---------- Data for processing

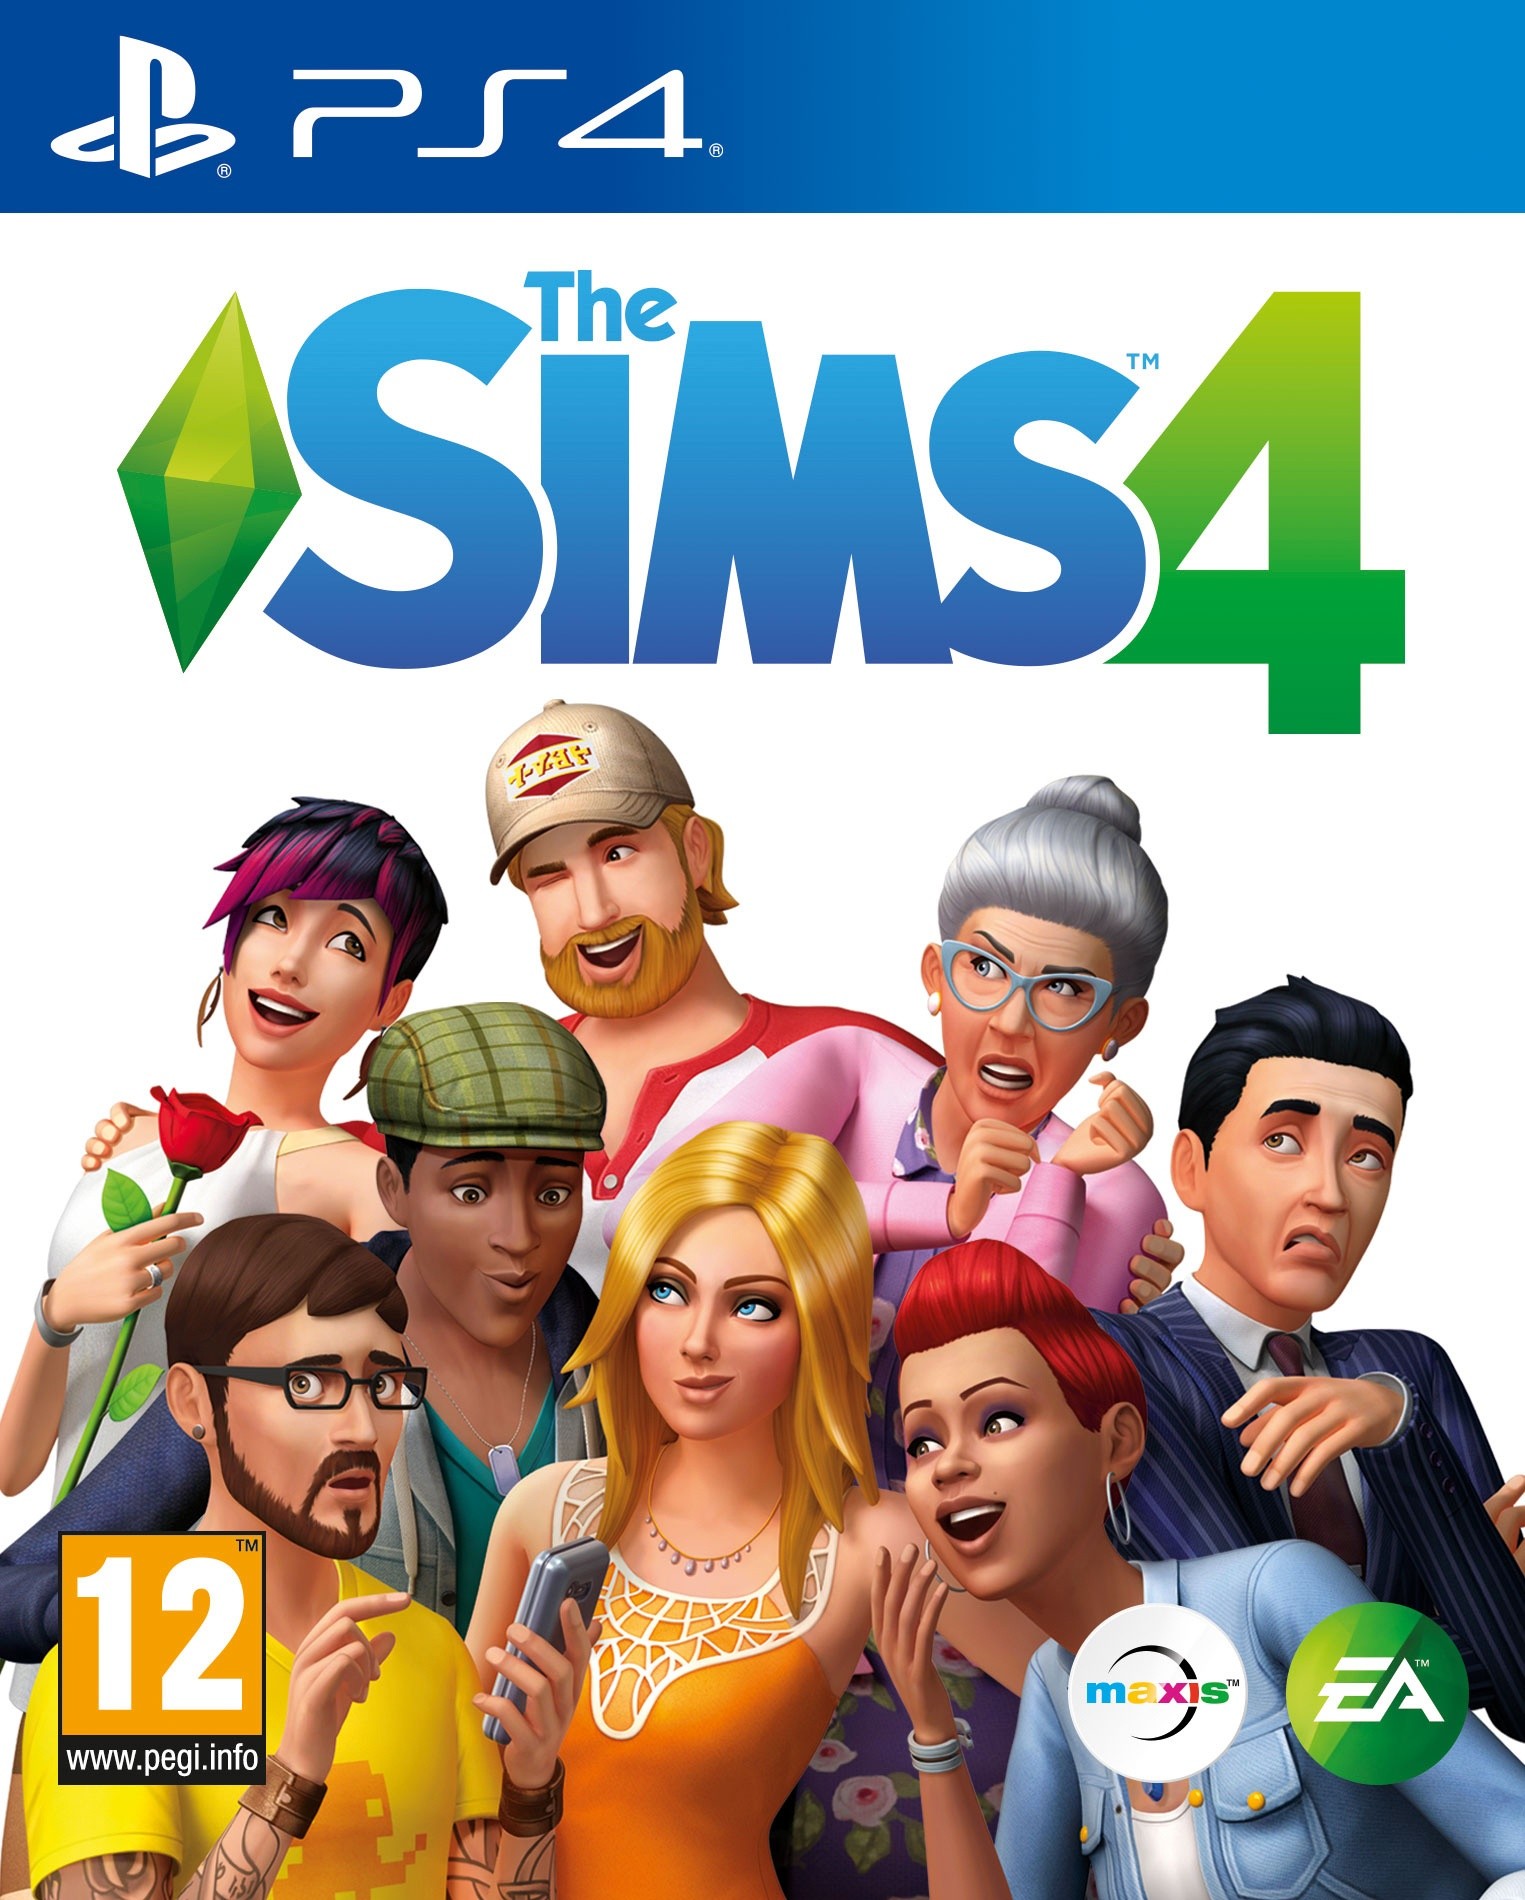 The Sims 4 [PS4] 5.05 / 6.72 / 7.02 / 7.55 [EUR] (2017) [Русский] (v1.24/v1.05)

--------------------
---------- Data for processing

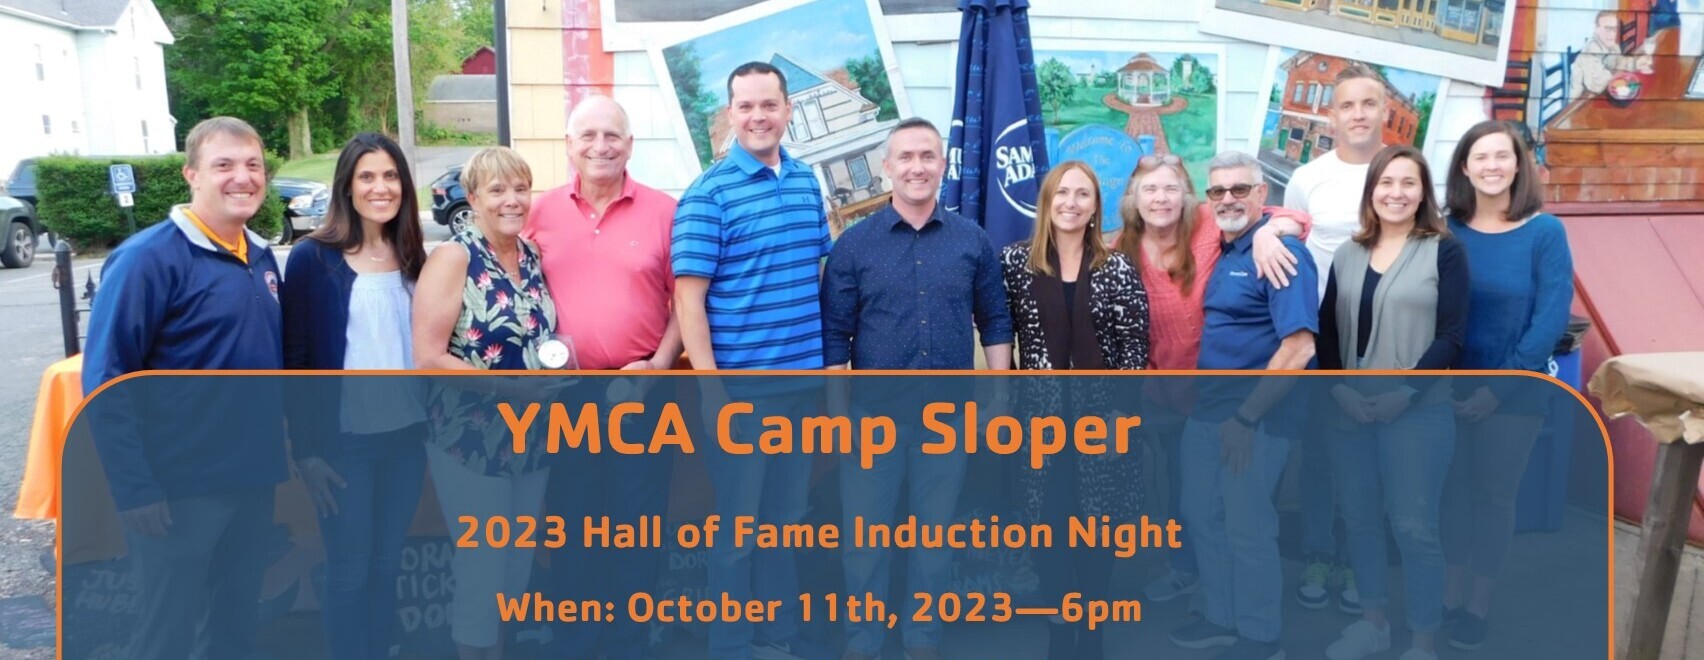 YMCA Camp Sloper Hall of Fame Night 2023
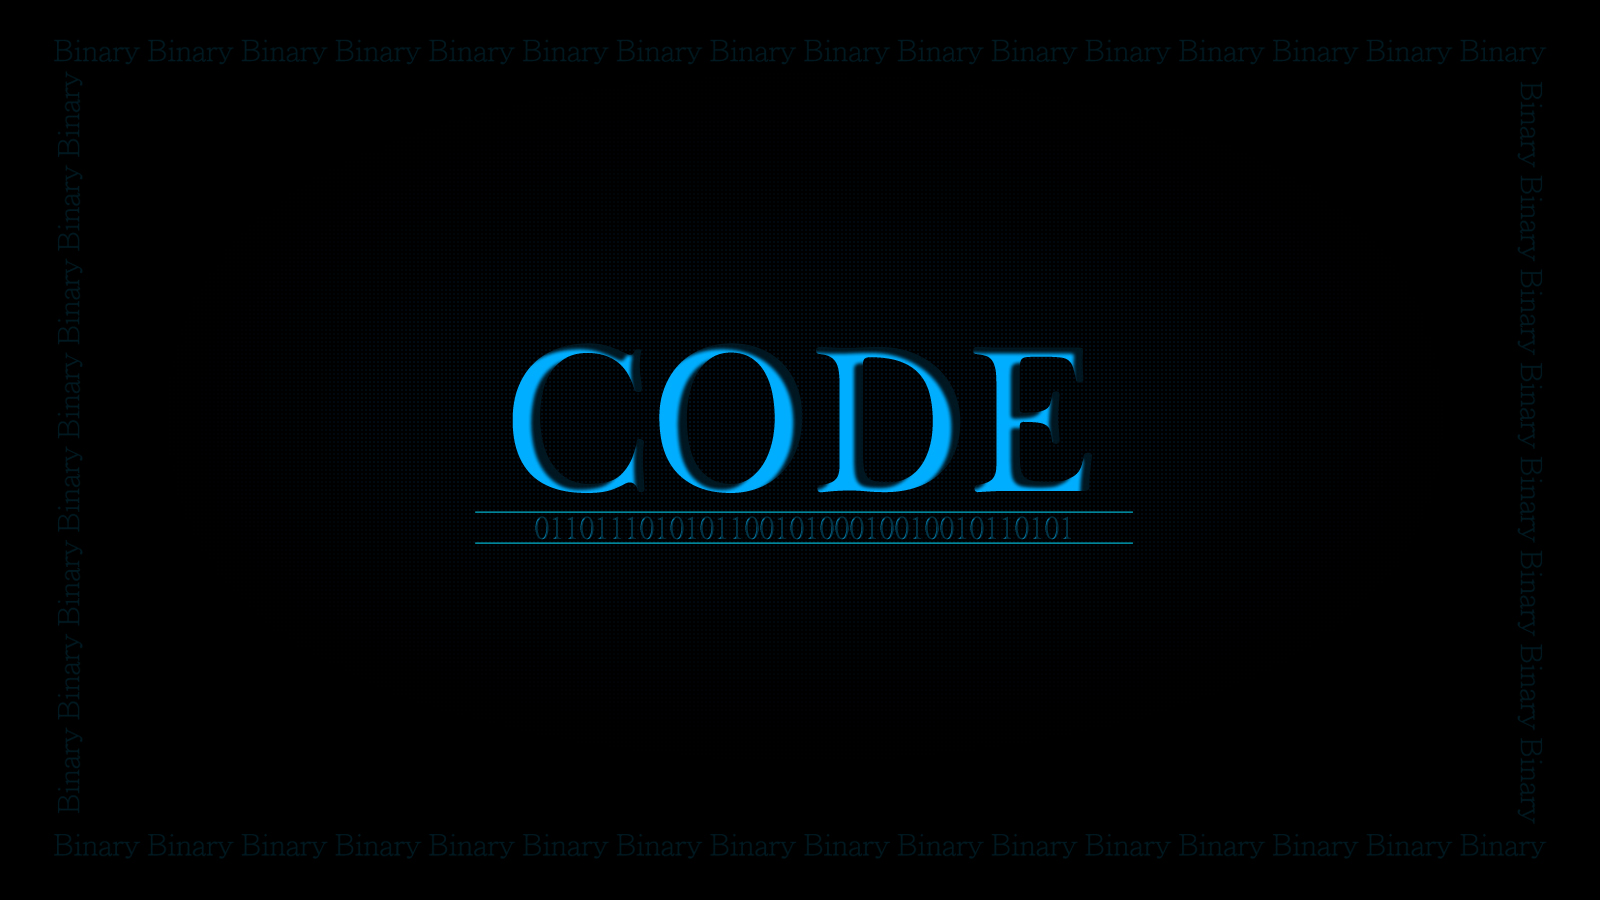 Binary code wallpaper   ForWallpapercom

--------------------

(What is expected): Taking the records above, print only and exactly the lines from the line with "YMCA Camp Sloper Hall of Fame Night 2023" to the line with "Binary code wallpaper", both kept, and exclude pictures.

(Output for this exercise):
 YMCA Camp Sloper Hall of Fame Night 2023
 Binary code wallpaper   ForWallpapercom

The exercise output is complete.